We also have had to have the key in the ignition after it has been unlocked with the keyless remote when we jump it to get it to not go off. I think the doors needed to be closed as well.

I really hate her alarm needless to say...
 
My sister doesn't have a fob so I'm not sure what to do about that. Now it starts and runs just the alarm is still going off! I have no idea what i need to do to get this alarm to permanently shut off.
 
Is it an aftermarket alarm or stock, depending on the alarm it may require you to lock and unluck the driverside door with the key for the system to reset. I know this is how my buddies nissan is, nothing else would shut the thing up.
 
Turning the key in the driver door lock should do the trick, If all else fails, remove the alarm. Its not like you even have a remote key fob for it. Best of luck. Alarms are funny sometimes.
 
I replace my head cover with a new one because it was leaking oil.
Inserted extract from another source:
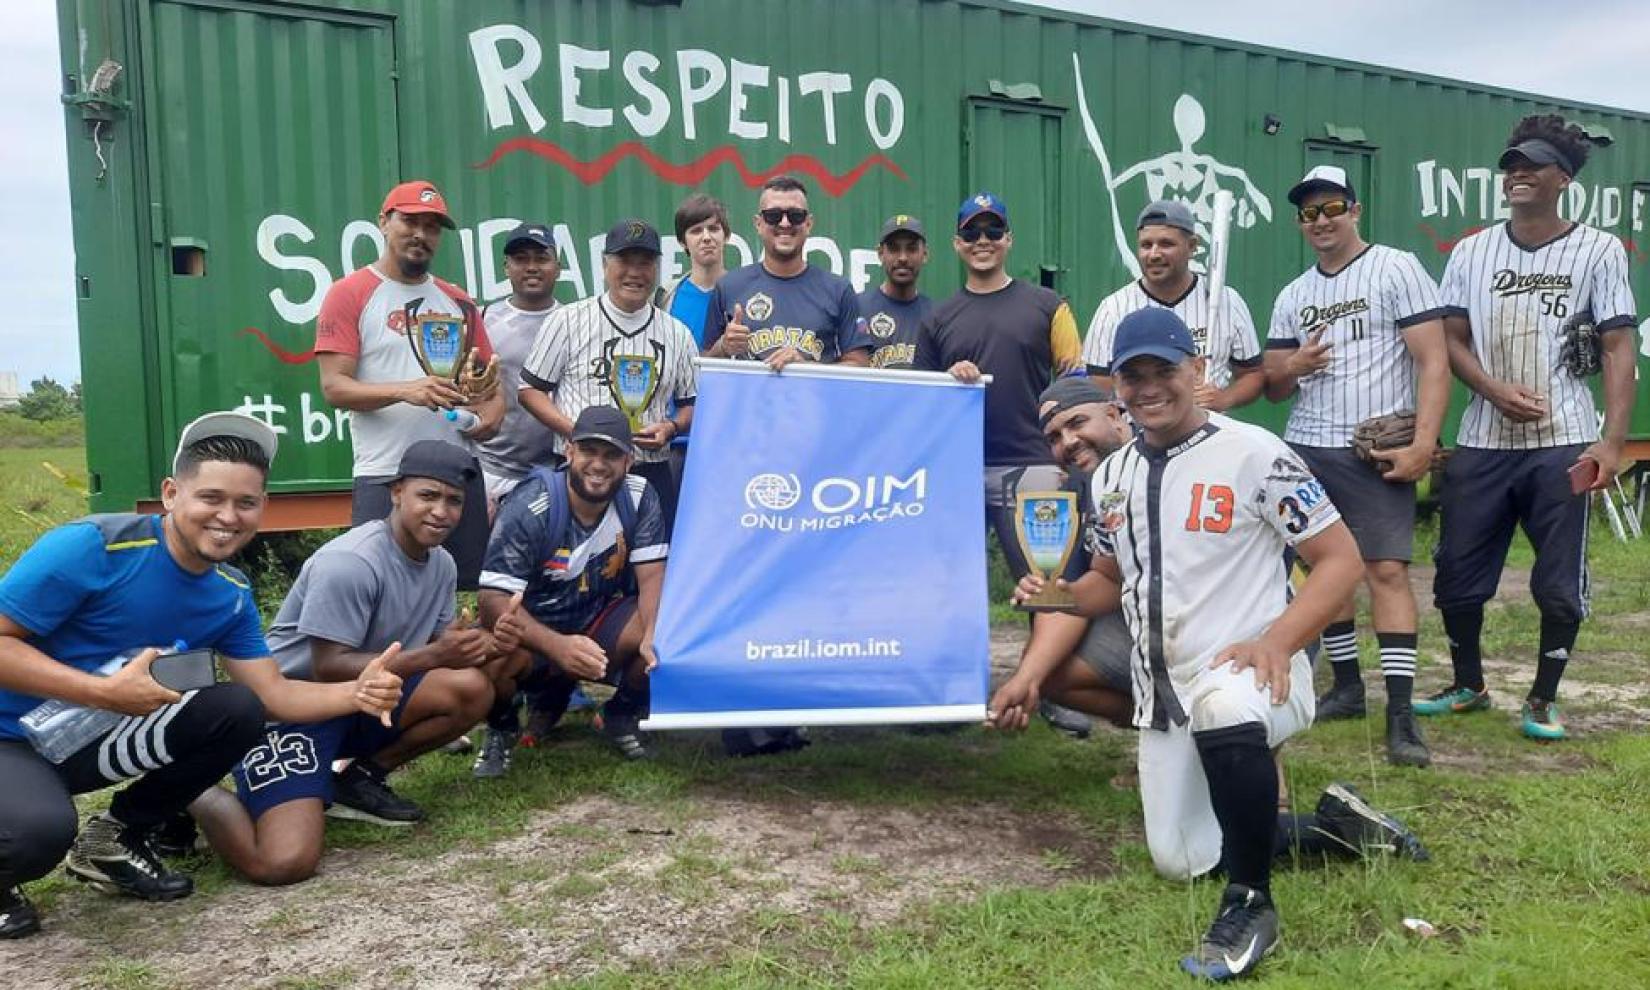 Torneio de Softbol promove integração entre comunidade local e venezuelanos em Santa Catarina
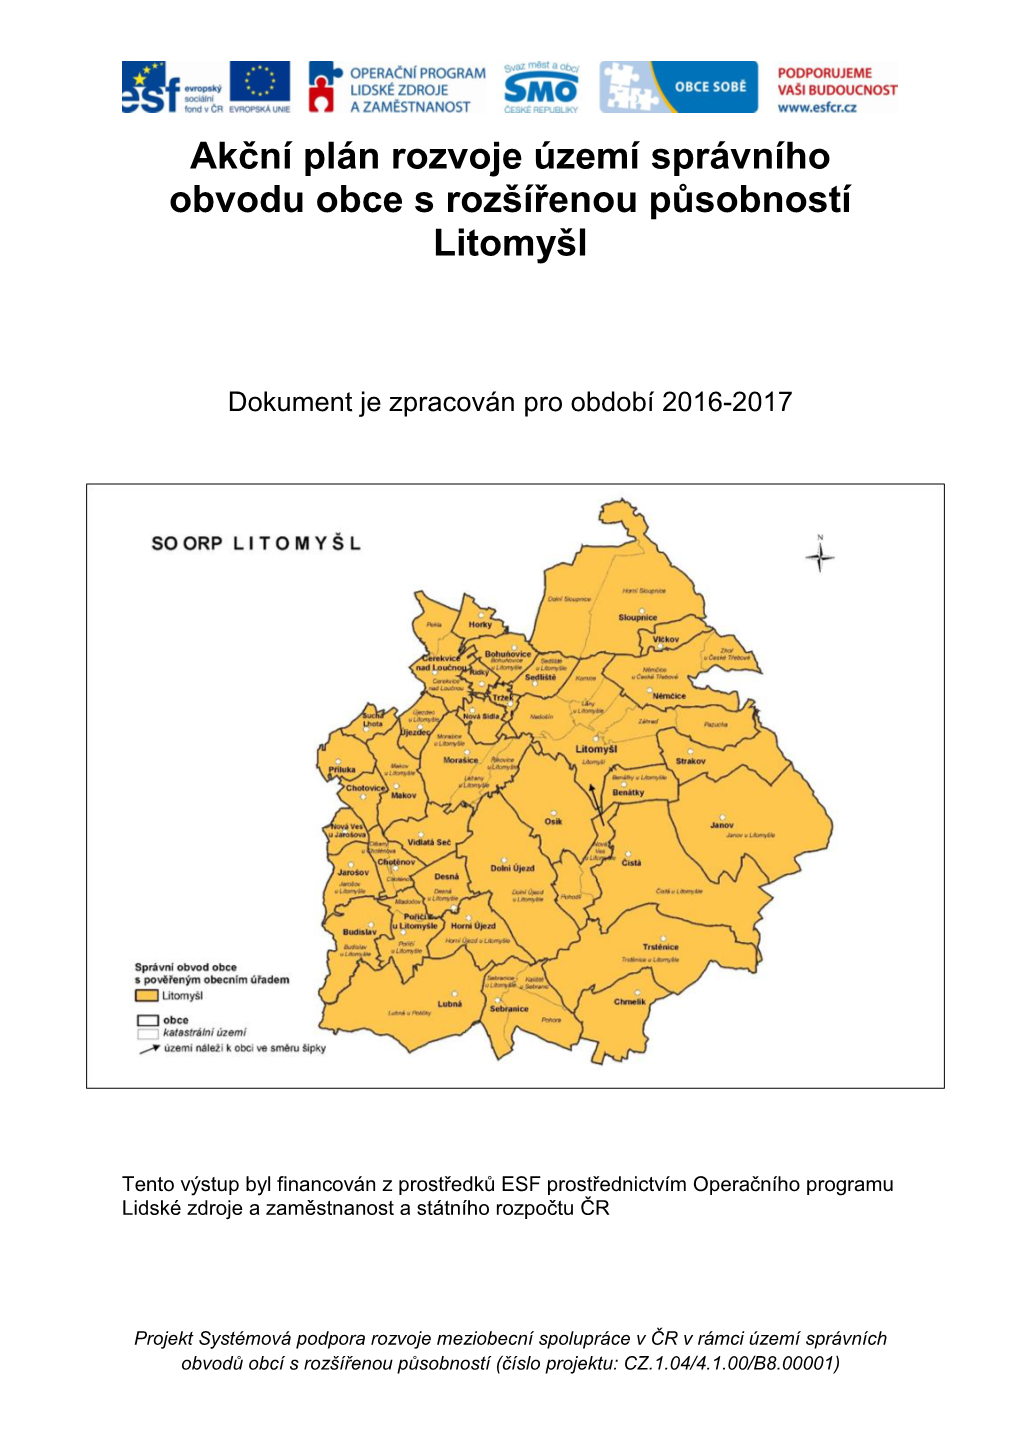 Akční Plán Rozvoje Území Správního Obvodu Obce S Rozšířenou Působností Litomyšl

The car turn on perfect with the new cover and i turn it off cause i saw the gasket was sticking out, and oil was coming out. I fixed again then the car wont start why if everything was fine. I have check if i have unplug a sensor, got new spark plugs but it wants to start but just dies.:banghead::banghead:
 
1 is the cylinder closest to the timing belt, 4 is closest to the radiator cap. They go in order 1-2-3-4.